I think this is a bit harsh for poor AppCache. To stay with the metapohor, Appcache is doing his best, it’s just that he does exactly what you ask him to. Even when no one could possibly mean what you said! In this way, AppCache reminds me of one of my favourite ever comics, Mr Logic, from Viz Magazine (probably NSFW due to its extreme puerility).

Mr. Logic’s defining characteristic is that he takes everything literally. And as a consequence, he is “a complete pain in the #$%^”. He doesn’t mean to annoy you, he just doesn’t understand nuance, and has no “common sense” (which as my nanna always loved to say is sadly far from common).

Mr Logic

This is AppCache to a tee. Ask him to cache the manifest file for your site, so that your site is now preserved in digital amber, never to be updated again, no problem. Why would anyone ever want to do this? Who knows, but he’ll do it for you.
Removed the manifest attribute from a cached HTML document? Well, AppCache doesn’t check changed documents until you change the manifest file, so ’til then, the old cached version of the HTML file, with its link to the manifest still in place will be used. All very logical. But in many ways counter-​intuitive.

I guess what I’m saying, is the fault, dear reader, lies not in AppCache, but in ourselves. Actually, the fault really lies in the rules that have been taught to AppCache. Some of these are just downright infuriating. And perhaps the most infuriating of these is the following.

It starts with the following entirely logical, but deeply unintuitive way in which caching works.

  • A user visits say webdirections​.org, and the browser builds an applicationCache using the cache manifest, caching the index.html file, images, CSS files, and JavaScript files
  • Subsequently, we change some of the HTML and CSS at webdirections​.org, and update a changed manifest file
  • The user returns to webdirections​.org, and their browser immediately uses the cached resources from the previous visit to display the page.
  • The browser only then checks the manifest file to see if it has changed, and as it has, the browser then downloads the changed resources.

It makes perfect sense! We get the cached version immediately, leaving out any network traffic. Super fast page load FTW. Stale page load not so good.

But, you say, why don’t we not cache the HTML file, but cache all the rest.
Well. AppCache has a concept of “master entries”. A master entry is an HTML file that includes a manifest attribute in the html element that points to a manifest file (which is the only way to create an HTML5 appcache BTW). Any such HTML file is automatically added to the cache. This makes sense a lot of the time, but not always. In particular, when an HTML document changes frequently, we won’t want it cached (as a stale version of the page will most likely be served to the user as we just saw).
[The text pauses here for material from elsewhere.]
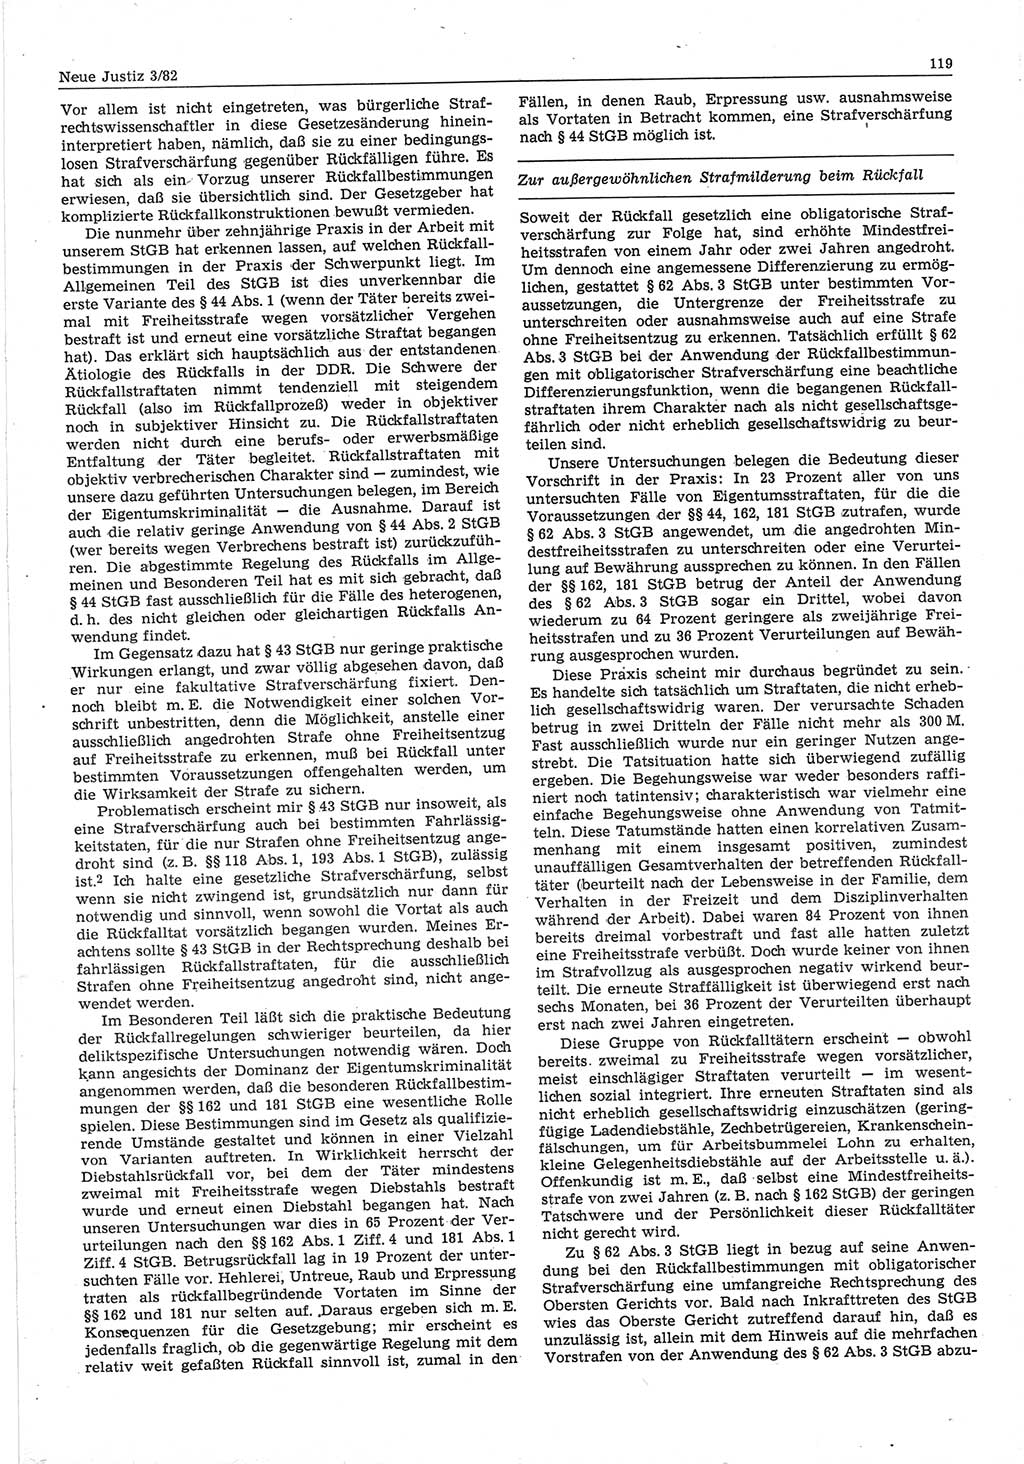 Neue Justiz (NJ), Zeitschrift für sozialistisches Recht und Gesetzlichkeit [Deutsche Demokratische Republik (DDR)], 36. Jahrgang 1982, Seite 119 (NJ DDR 1982, S. 119)
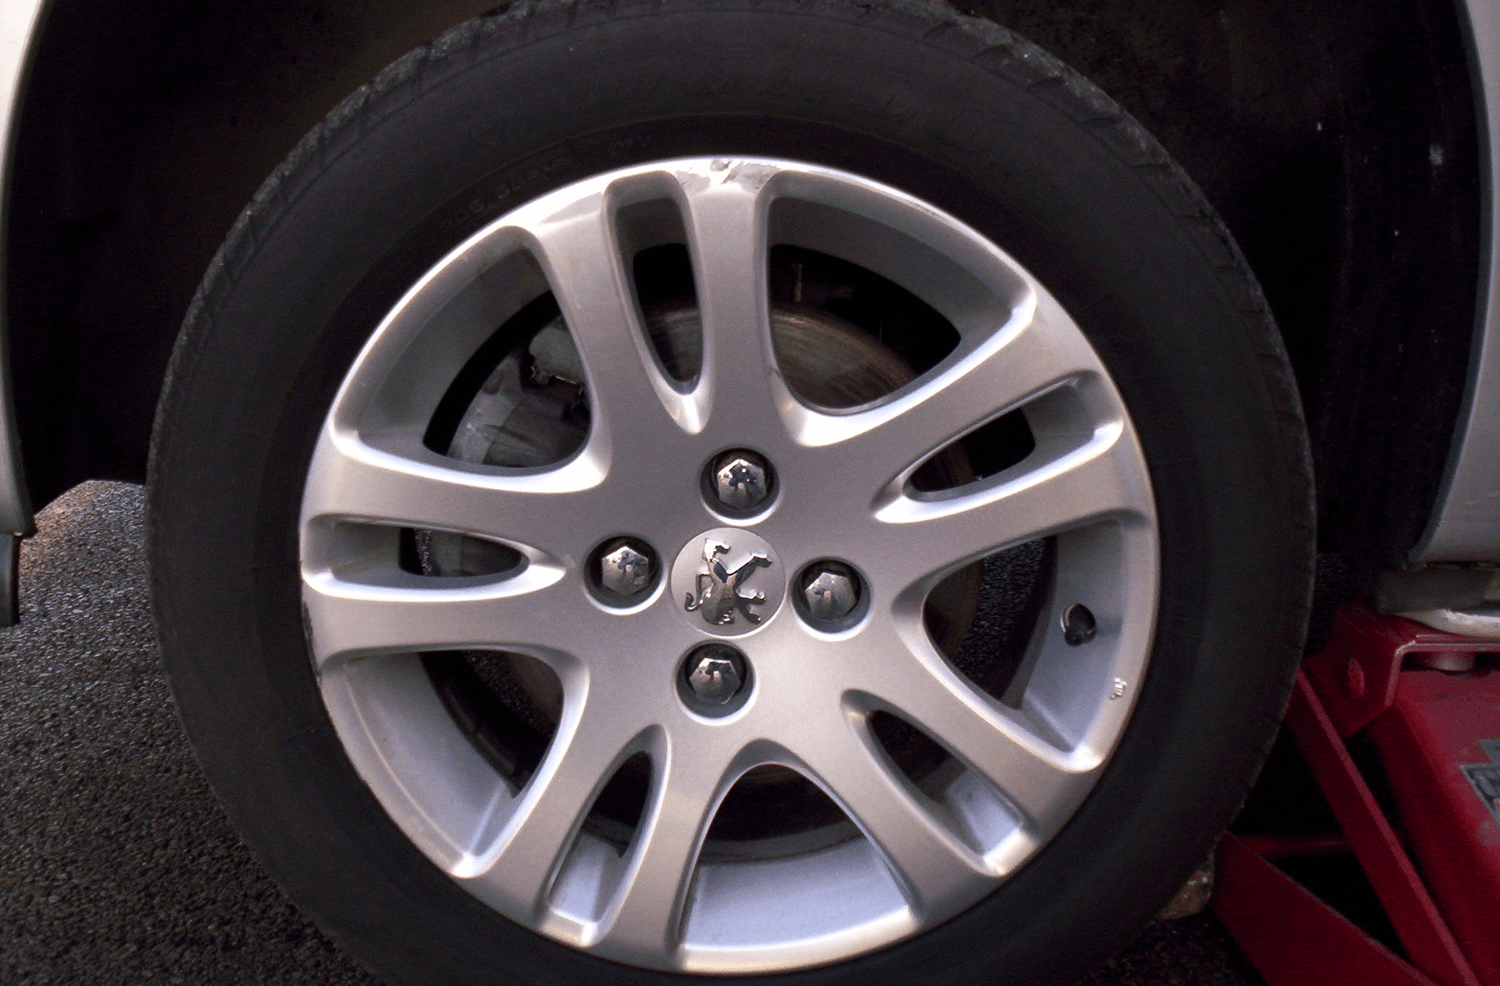 Worn alloy wheel

Is there no way to over-​ride this? Well, AppCache has the idea of a NETWORK whitelist, which instructs the appcache to always use the online version of a file. What if we add HTML files we don’t want cached to this? Sorry, no dice. HTML files in a master entry stay cached, even when included in the NETWORK whitelist. See what I mean. Poor AppCache didn’t make these rules. He’s just following them literally. He’s not a douchebag, he’s a pain in the %^&*, a total “jobs-​worth”.

So we are be stuck. We seem to be able to

  • either add a manifest attribute to the html element of the document, and have the page cached too
  • or have no appcaching at all for that page.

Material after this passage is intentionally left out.